» **EXERCISE AIM**:
Exactly as written, retype the listing below, omitting the pictures.

» **DATA EXTRACT**:
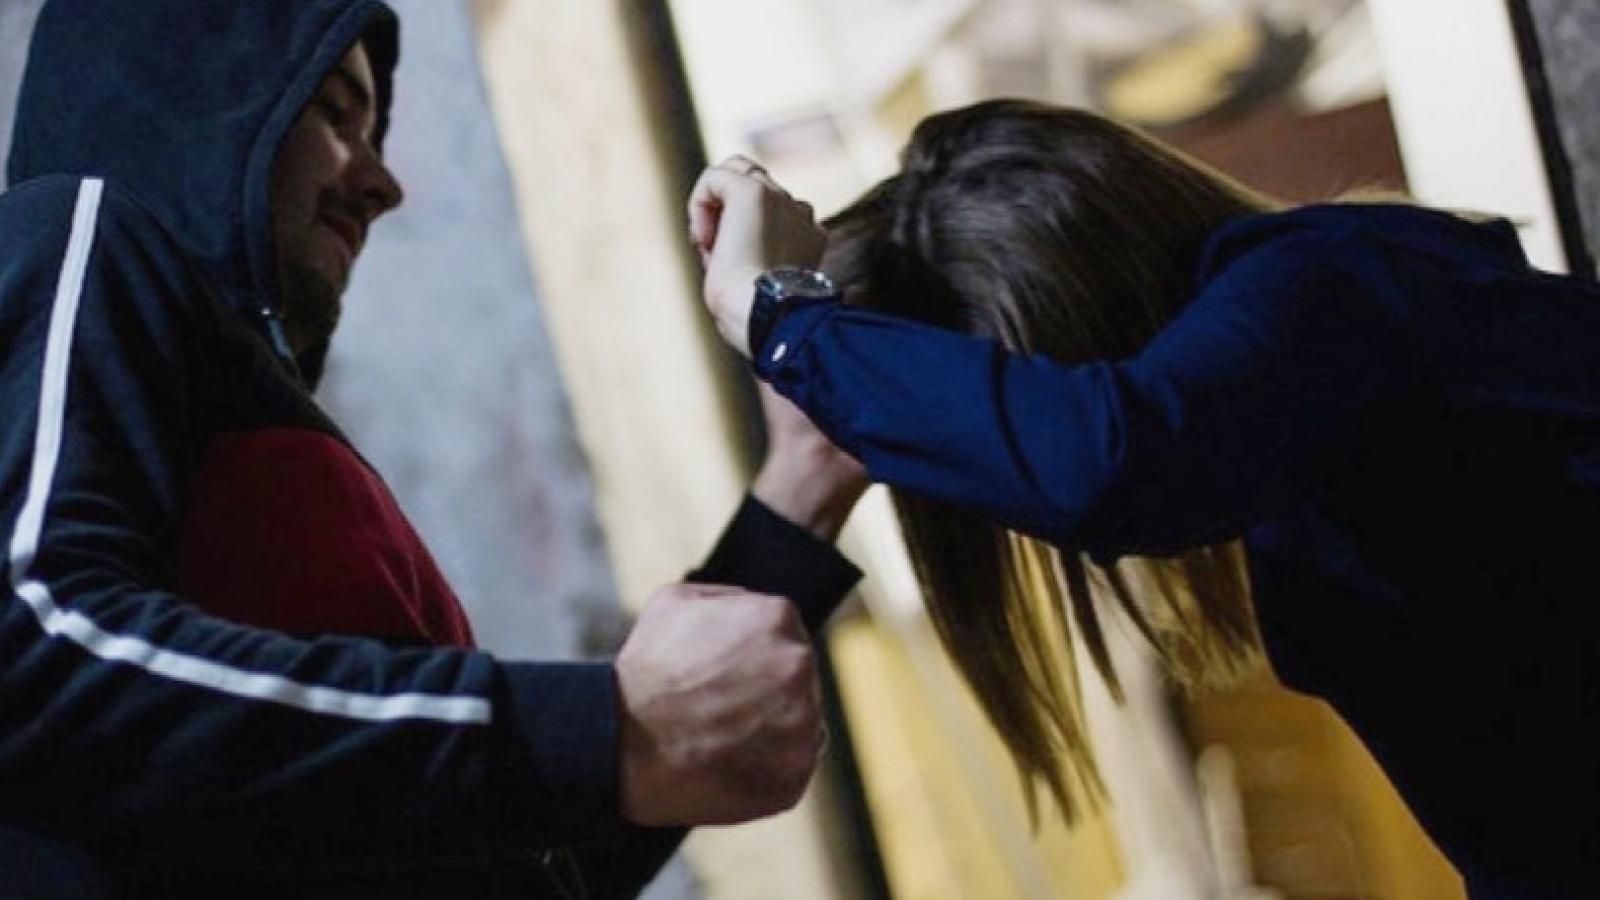 Таксиста оштрафовали за нападение на девушку
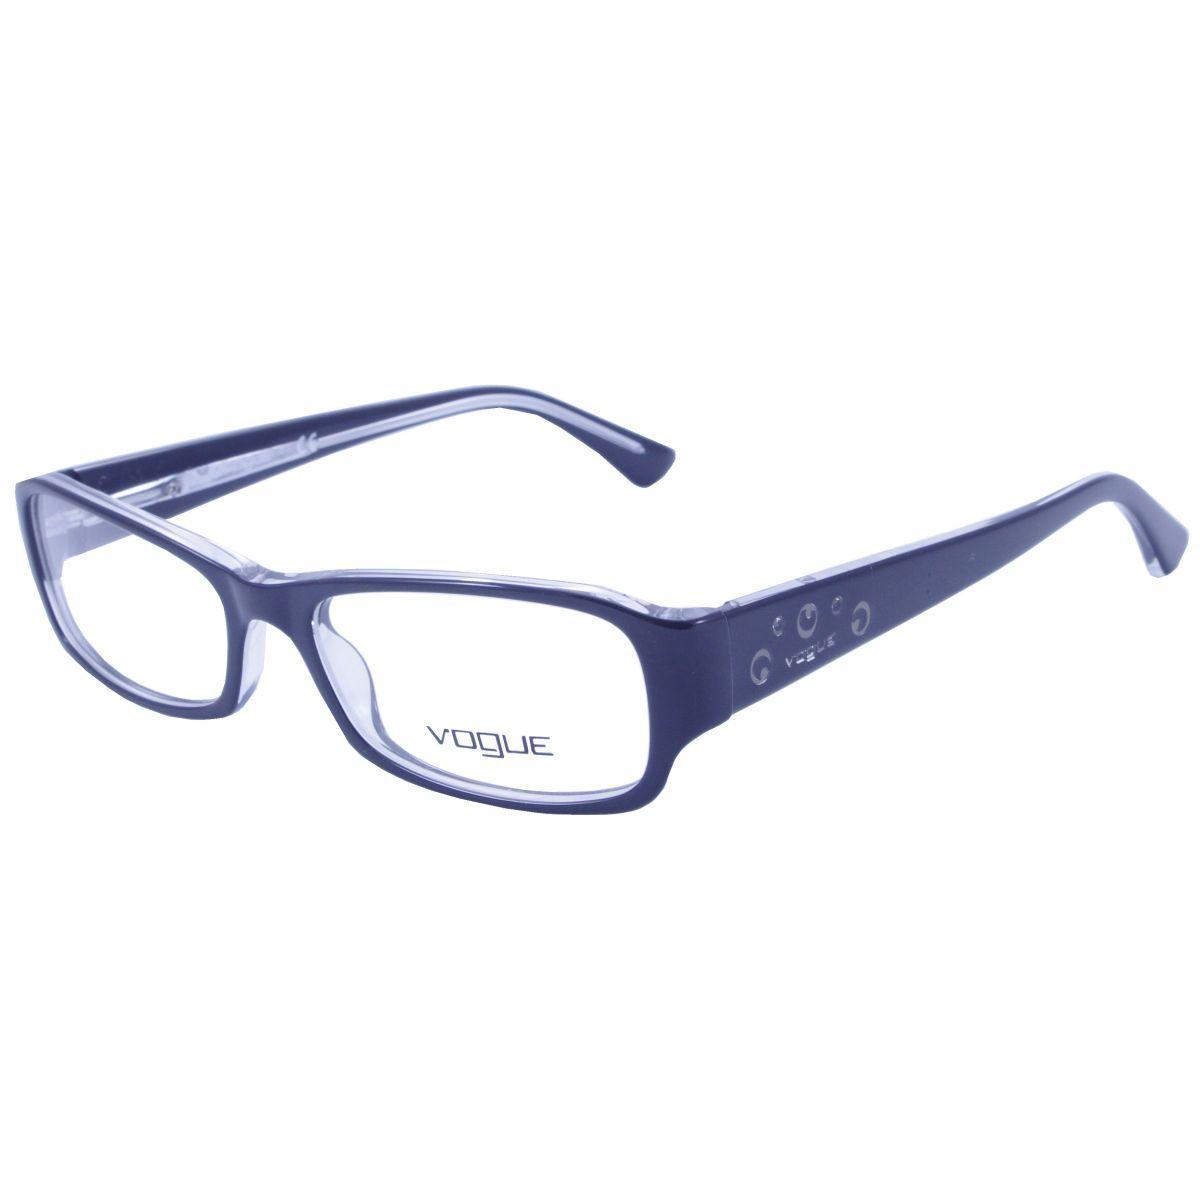 Oculos De Grau Feminino Vogue Vo2758 827 Tam 52 Oculos De Grau
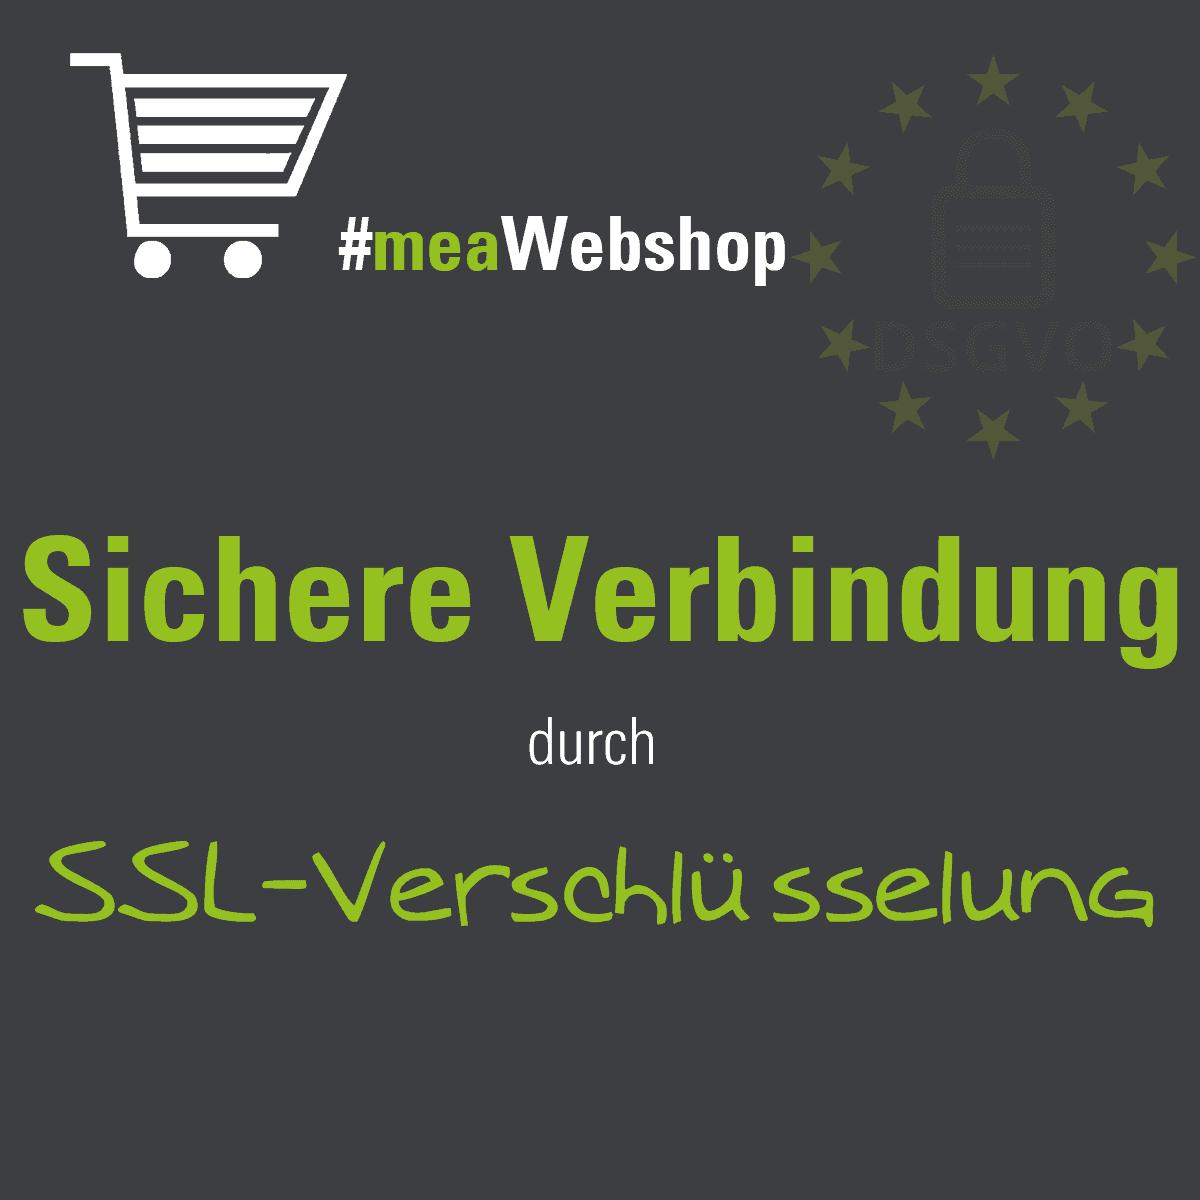 Sichere Verbindung mit SSL-Verschlüsselung
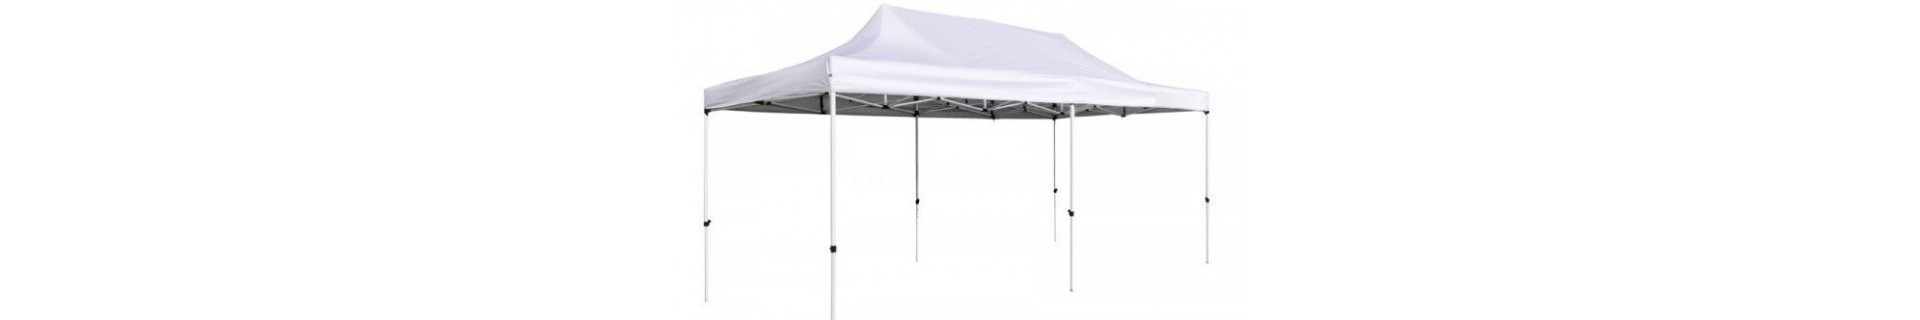 Vente de tente pliante imperméable

» **COMPLETED EXERCISE**:
 Таксиста оштрафовали за нападение на девушку
 Oculos De Grau Feminino Vogue Vo2758 827 Tam 52 Oculos De Grau
 Sichere Verbindung mit SSL-Verschlüsselung
 Vente de tente pliante imperméable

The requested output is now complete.